I am slowly settling down in this stormy weather; snuggling in the cold, and learning to just enjoy the rain...

Sunday, September 14, 2008

A day of many firsts

I usually dislike attending weddings. That's prolly because among all the weddings I have attended there have been very few times when I actually knew either the bride or groom in person. They were just either distant relatives I barely interacted with or some family friends' daughters or sons I barely knew.
But this time it was different. This time the bride happened to be my cousin. And this happened to be the first wedding in the family of our generation. Oh boy....did we all have fun!

And I surprised myself by doing some things I thought I would never do.
A. Bought 3 inch high heeled sandals and actually walked around in them all day, ignoring the slow and may I add painful death of my feet, my knees and my back.
B. Allowed mehendi to be drawn on my palms
C. I forgot all the dialogue-baji I have been doing all these years about "how can people actually cry at weddings, that's just so stupid, I mean its not like you're never going to meet her again!!"and joined the "stupid people who cry at weddings" group.
D. I actually danced wholeheartedly and didn't have to be pulled and coaxed into it.

Well, at least I didn't buy any of those chamko sandals with glittery stuff pasted on them, nor did I paint my entire palm with mehendi, just a small strip, and 'weeping' is a more appropriate word than 'crying' I suppose, and I danced only if you consider either standing rooted to the spot and doing curious hand movements or jumbling your legs with un-coordinated hand movements as 'dancing'.

Well, that should help me keep some of my dignity.

Monday, September 8, 2008

What I Don't Like About Ganpati...

...the Noise!!!
Why do our festivals have to be so noisy? I now associate any Indian festival with loudspeakers that blare out so-called music even during unearthly hours.
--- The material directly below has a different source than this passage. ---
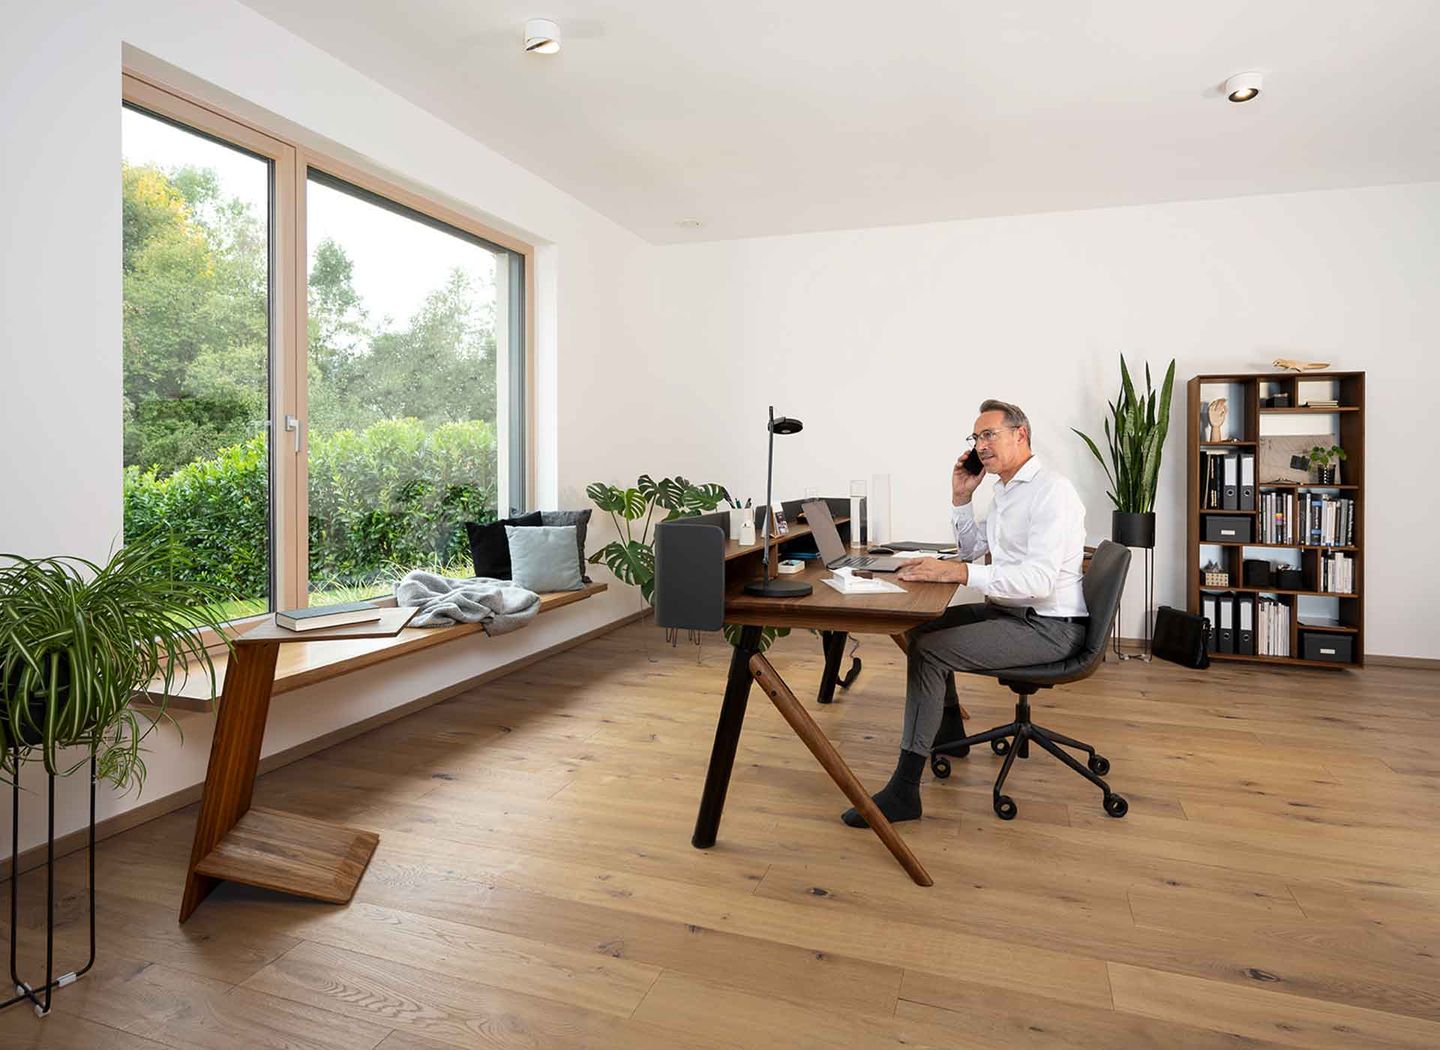 Height adjustable pisa desk for sitting use

I have been hearing aartis with dhinchak dhinchak beats in the background, like the ones you hear in auto-rickshaws being played in cars while they take the ganpati for visarjan.
Urghh!! The rubbish people can come up with!

Wednesday, August 20, 2008

I'm back!

wow!!! I'm back!!!

Fisrt of all, welcome to my humble abode. :)

After a looot of shifting and adjusting and some more shifting, I finally ended up where I had begun- at Blogspot. I must say I got a lot of help from 'blog-brokers' who helped me find a new place to write, but I guess I love Blogspot too much. Many many thanks for the help though.

I have created a new google account and shall post here, using that particular google id. I'm doing all this so that this current blog of mine does not feature along with my previous blog on my profile. Problem solved!

Anyway, last few weeks have been pretty laid-back and I spent a major part of the day doing absolutely nothing. But this is, as Gandalf says, "the deep breath before the plunge!" I intend to plunge into acads tomorrow but I'm not sure if that's a good idea as I have a super-cool girls only pajama party coming up this weekend. That will completely ruin my study tempo. So, maybe I should just wait till Monday till I take the plunge... ;)

But whatever, the transition is complete and I shall soon begin to post here.